START Dataset section

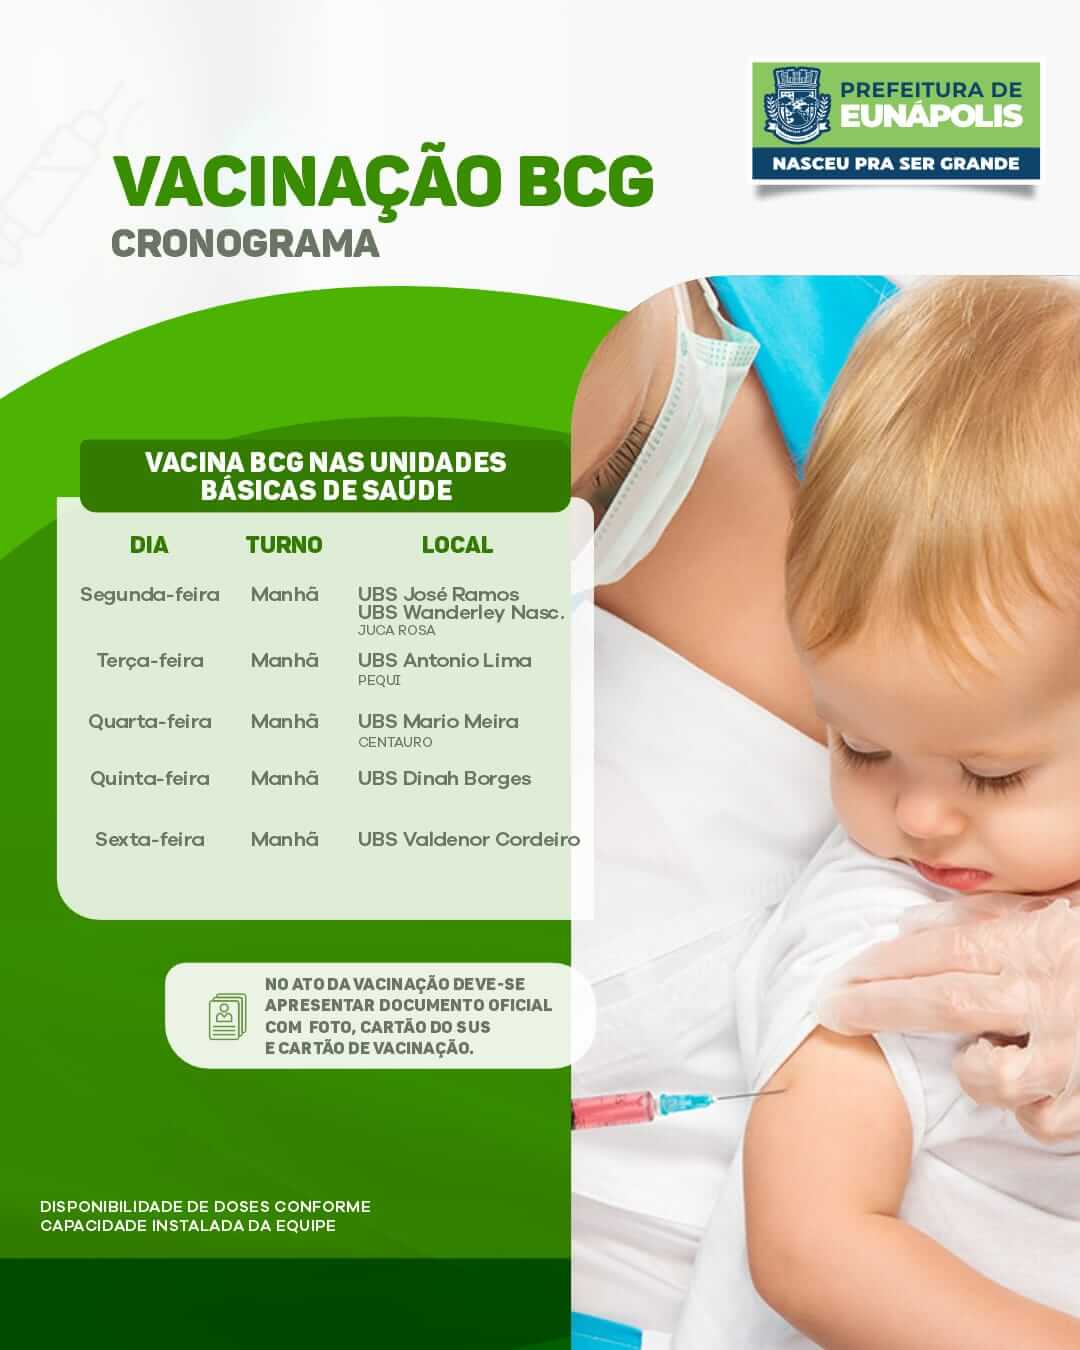 Prefeitura solicita que eunapolitanos atualizem a caderneta de vacinação 5
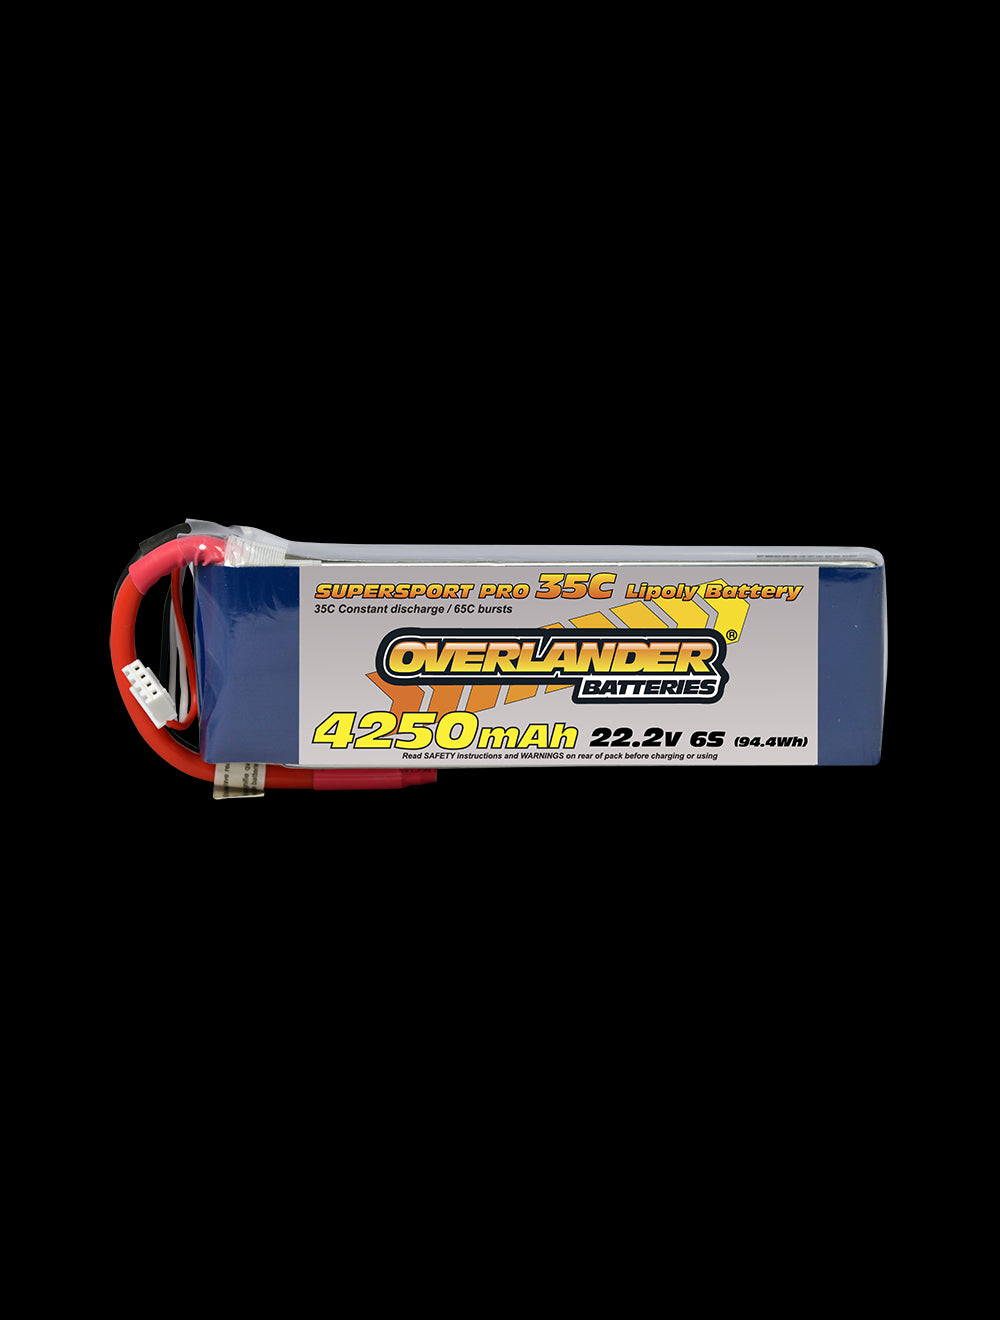 Overlander 4250mAh 22.2V 6S 35C Supersport Pro LiPo Battery - Deans Connector 2478
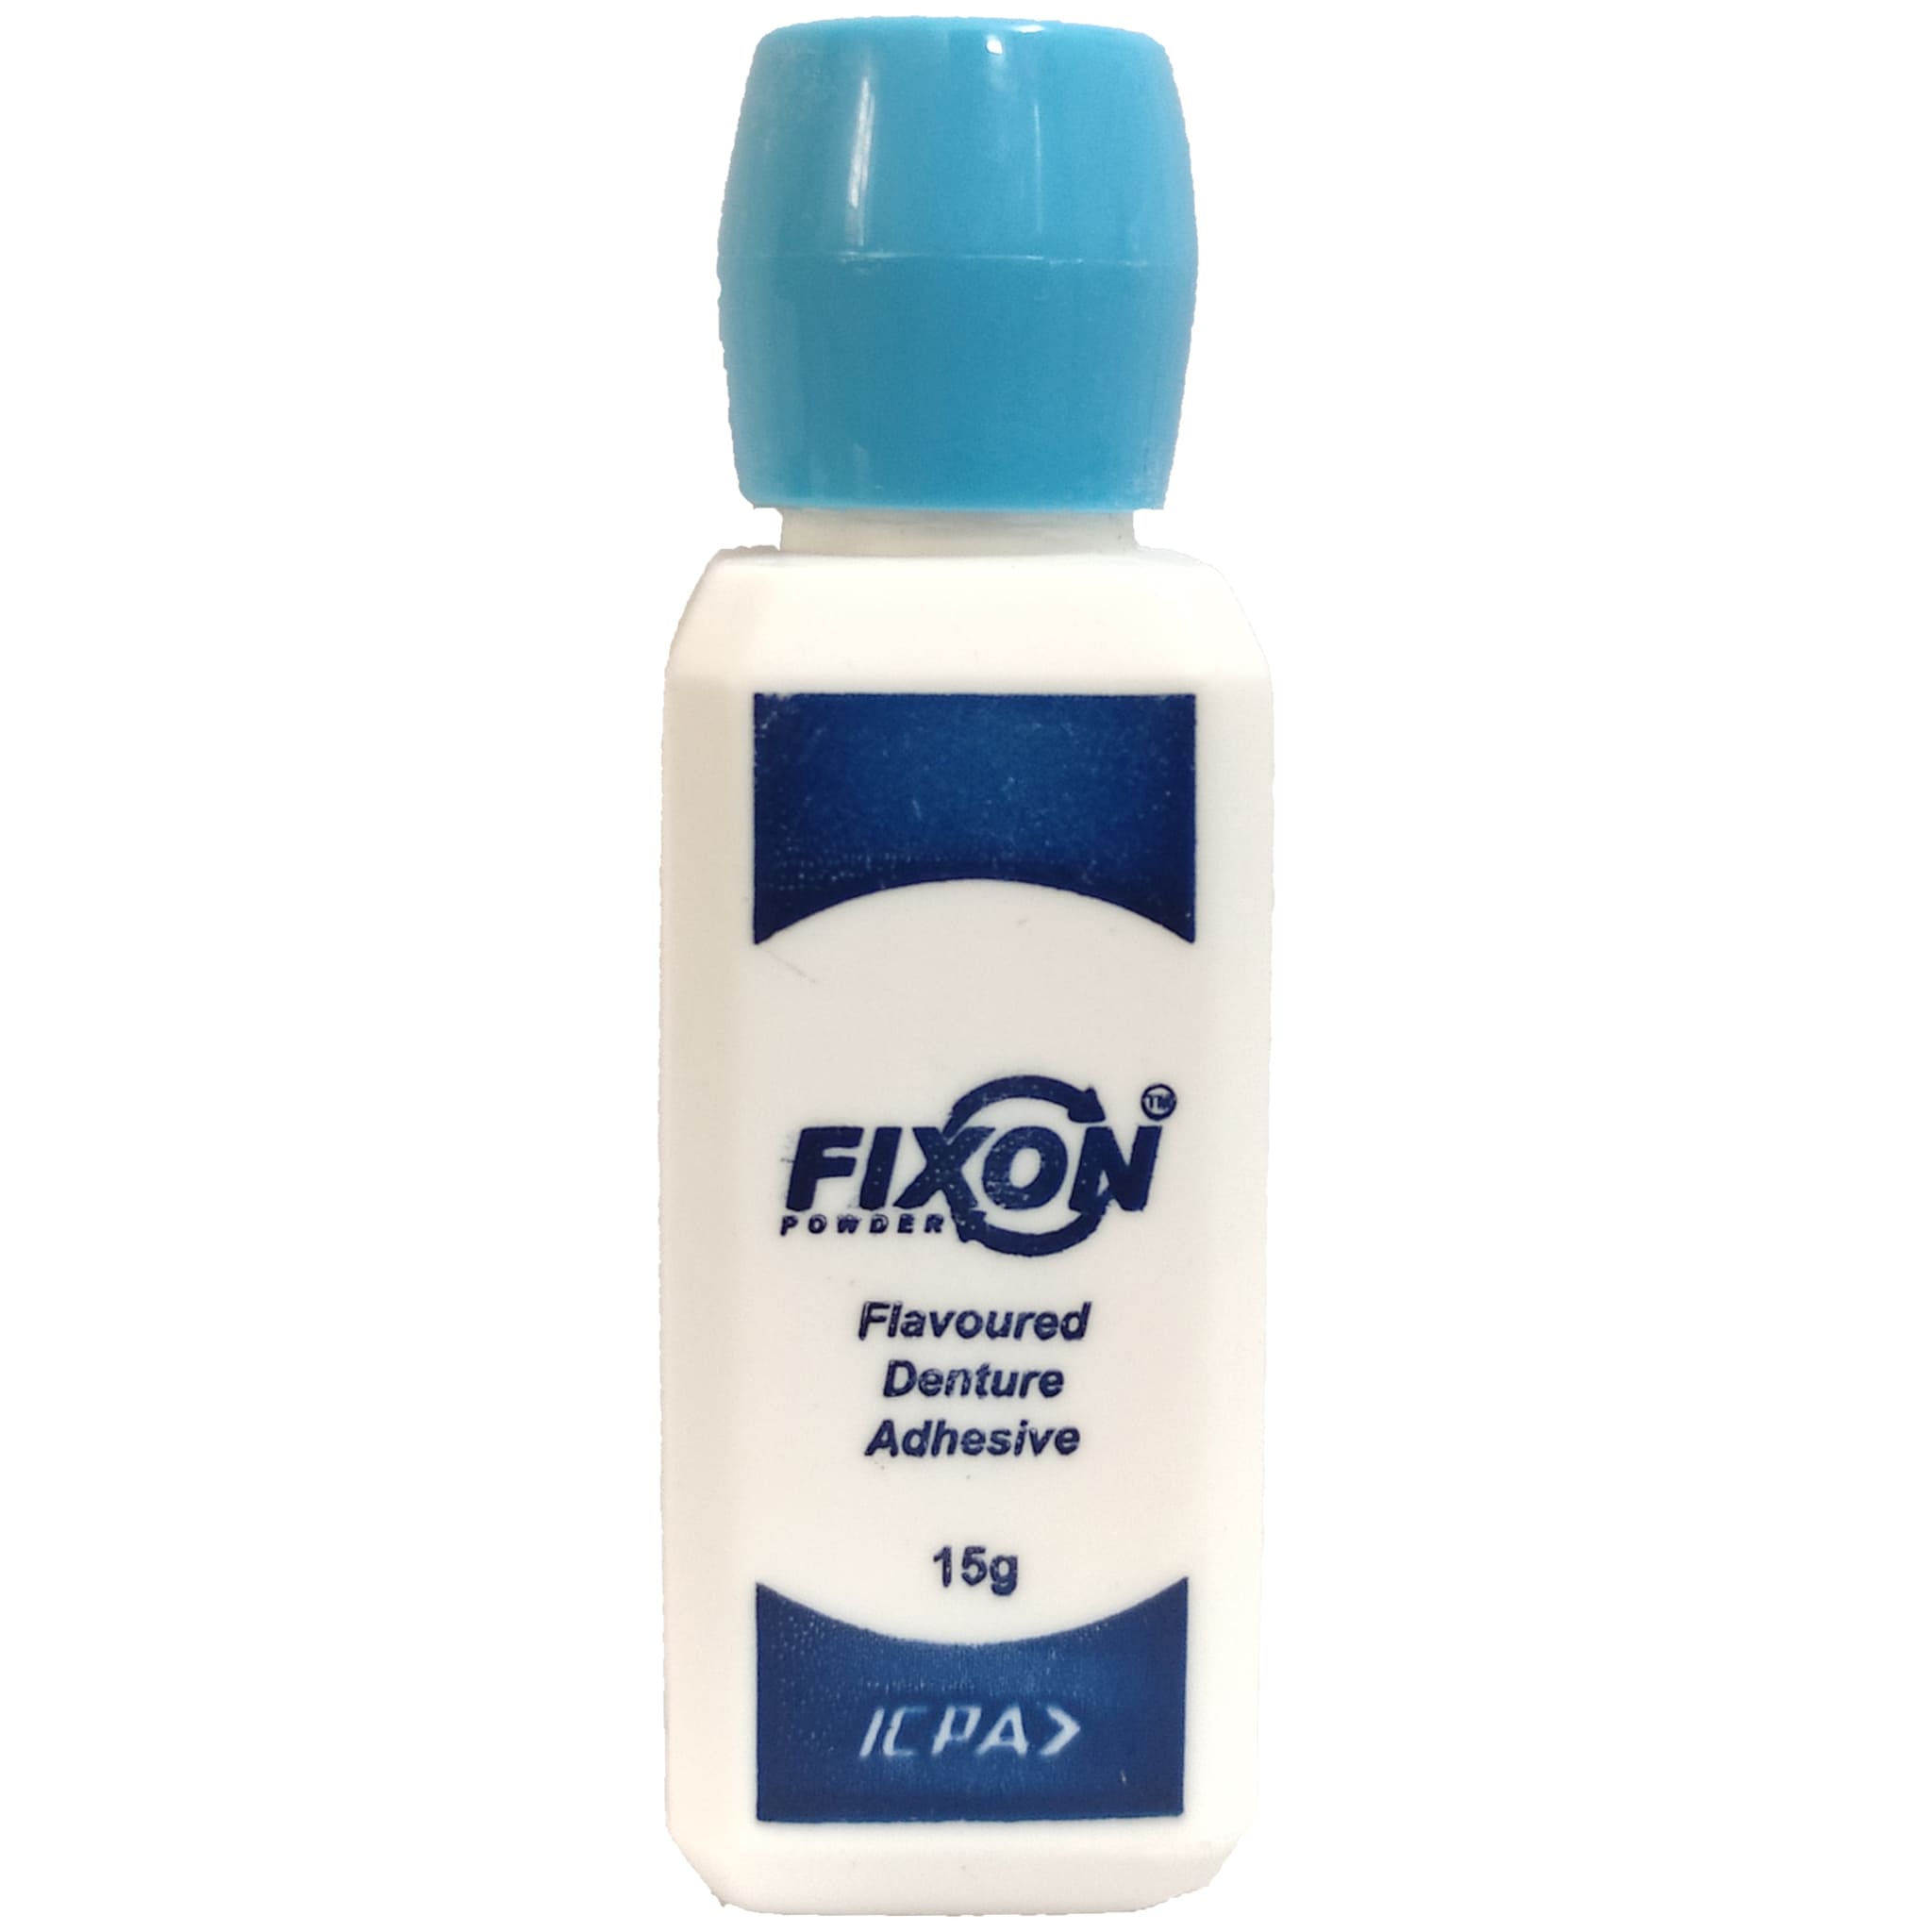 ICPA Fixon Powder 15g Denture Adhesive

END Dataset section

**Task directions**
With the pictures left out, copy exactly the lines from the one containing "Overlander 4250mAh 22.2V" through the last line of the data.

**Written solution**
 Overlander 4250mAh 22.2V 6S 35C Supersport Pro LiPo Battery - Deans Connector 2478
 ICPA Fixon Powder 15g Denture Adhesive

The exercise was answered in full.